3M-SOR showed improvement in December, 3M-SIBOR remained flat
Interest rates were up slightly in December, 3M-SOR was up 12bps MoM to 0.37% while 3M-SIBOR remained flat MoM at 0.44%. 3M-SOR is 6bps higher than its 4Q21 average of 0.31% and has improved by 18bps YoY. 3M-SIBOR is flat against its 3Q21 average of 0.44% and has improved by 3bps YoY (Figure 1).
Hong Kong and Malaysia loans growth show improvement in November
Hong Kong’s domestic loans growth increased to 4.23% YoY but fell marginally by 0.02% MoM in November. It recorded the highest positive loans growth YoY in November since July 2021.
Malaysia’s domestic loans growth saw an increase of 4.30% YoY in November and rose 0.85% MoM in November. The increase YoY in November was the highest recorded since September 2020.
Volatility fell as Singapore enters the Stabilisation Phase
Preliminary SDAV for December fell 25% YoY to $834mn (Figure 6), as the COVID-19 situation stabilised in Singapore and community cases continue to fall. VIX averaged 20.9 in December, up slightly from 18.5 in the previous month.
The top five equity index futures turnover saw an increase of 7.9% YoY in December to 13.95mn contracts (Figure 8) mainly due to the higher trading volumes of its FTSE China A50 Index Futures and MSCI Singapore Index Futures. Notably, the FTSE China A50 Index Futures increased 8.6% MoM to 8.2mn despite the introduction of HKEX’s MSCI China A50 Connect Index futures and the Nikkei 225 Index Futures increased 41.2% MoM to 1.4mn.

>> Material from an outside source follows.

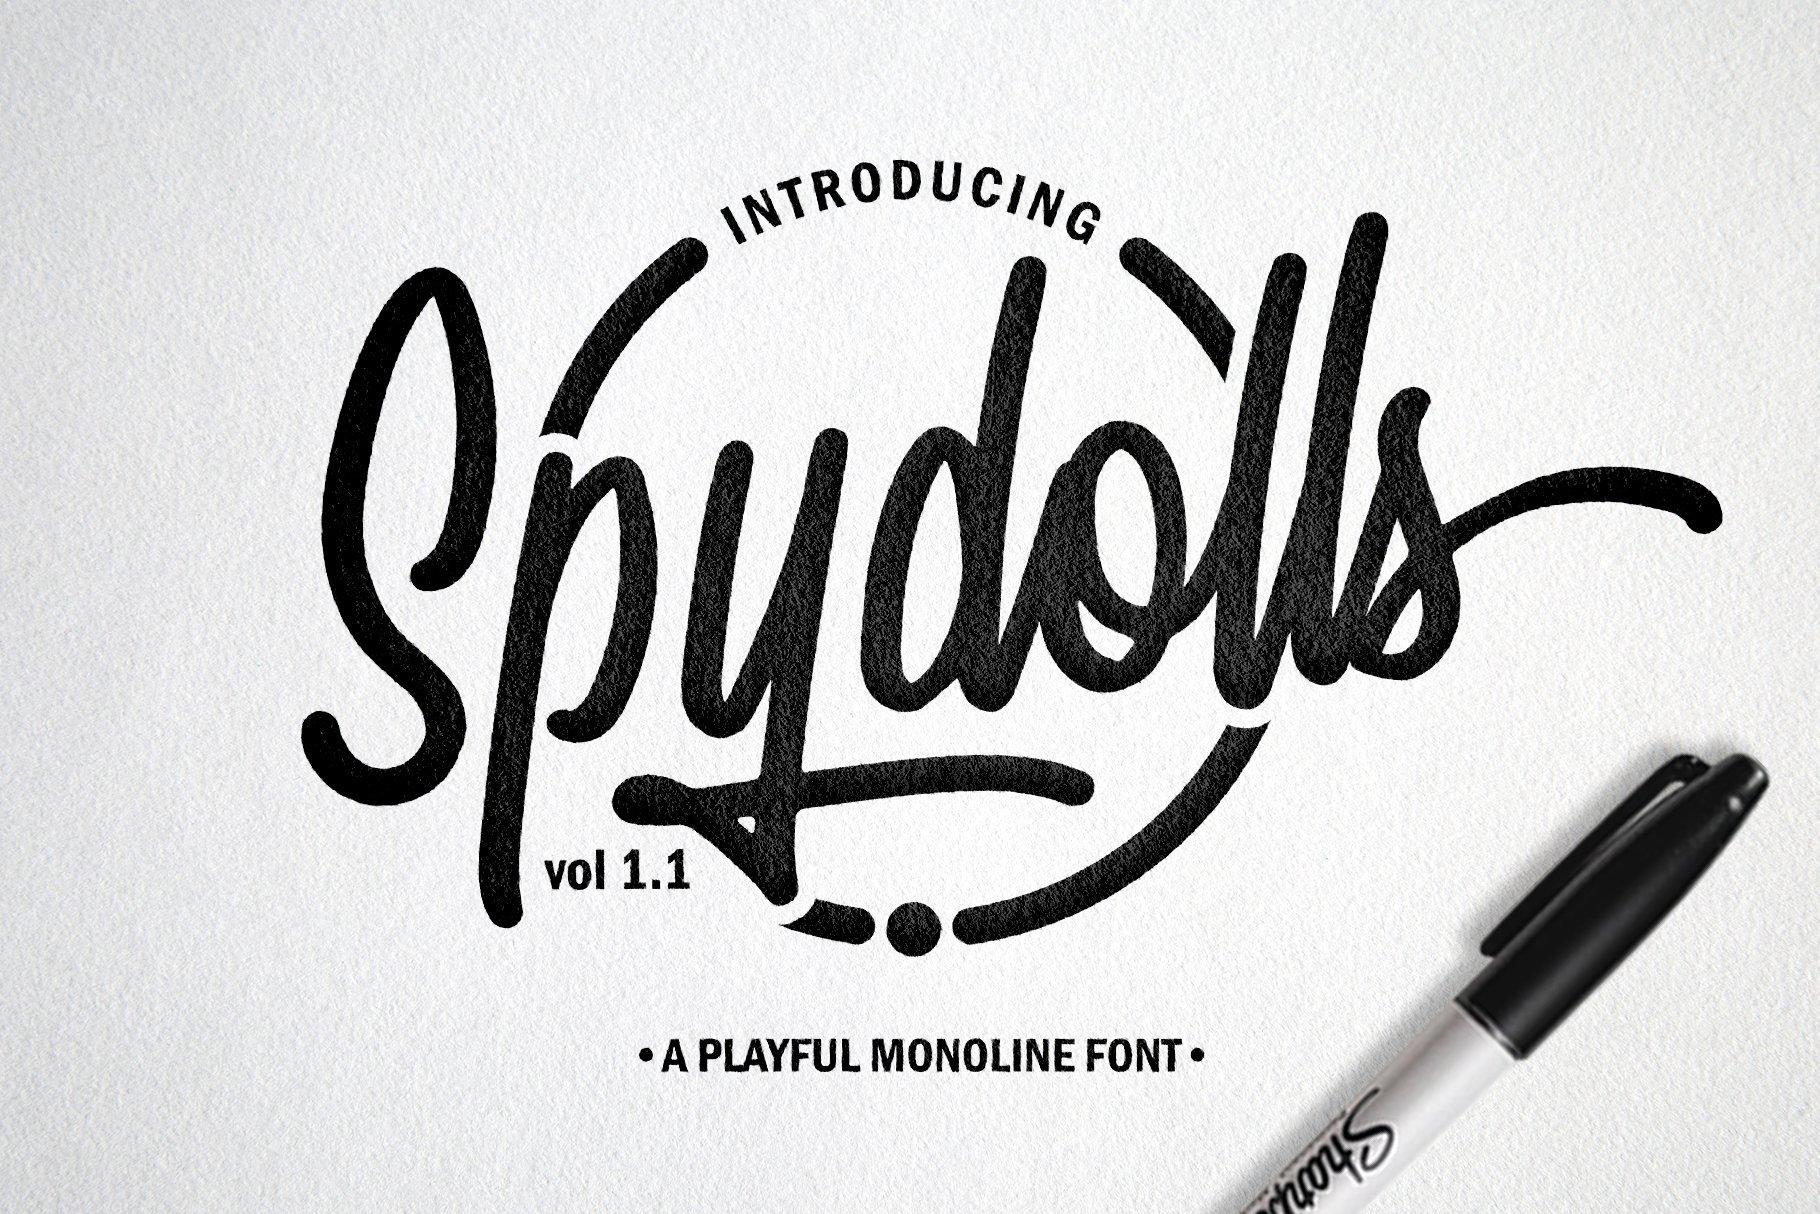 https://fontclarity.com/wp-content/uploads/2019/09/spydolls-script-font-download-0.jpg Free Download

For 4Q21, the top five equity index futures turnover saw an increase of 16.2% YoY to a total of 40.3mn contracts (Figure 9). This was mainly due to an increase in trading volumes of its FTSE China A50 Index Futures and MSCI Singapore Index Futures.
Foreign exchange trading on the SGX fell 7% YoY to 2mn contracts in November. China’s economic rebound continued to spur strong institutional demand for risk management of the renminbi (RMB). Reflecting this, SGX’s USD/CNH Futures jumped 6% YoY to 920,559 contracts. Month-end open interest in this contract, the world’s most widely-traded international RMB futures, increased 10% YoY to US$101.3bn.
Maintain OVERWEIGHT. We remain positive on banks. Banks traded above 1.4x P/B over the last five years and are currently close to or below our P/B targets. Our price targets are supported by improving ROEs as allowances reverse in FY21e. With total allowance coverage being over 30% above the MAS’ regulatory limit, we believe there is further room for GP reversions in 2021. This would boost earnings.
We also believe Singapore banks could pay special dividends when the macroeconomic outlook stabilises. Capital ratios of 13.5–17.1% are higher than the banks’ optimal operating range of 12.5–13.5%. This is supportive of more aggressive capital optimisation. We believe the banks will also look for M&A opportunities with their excess capital.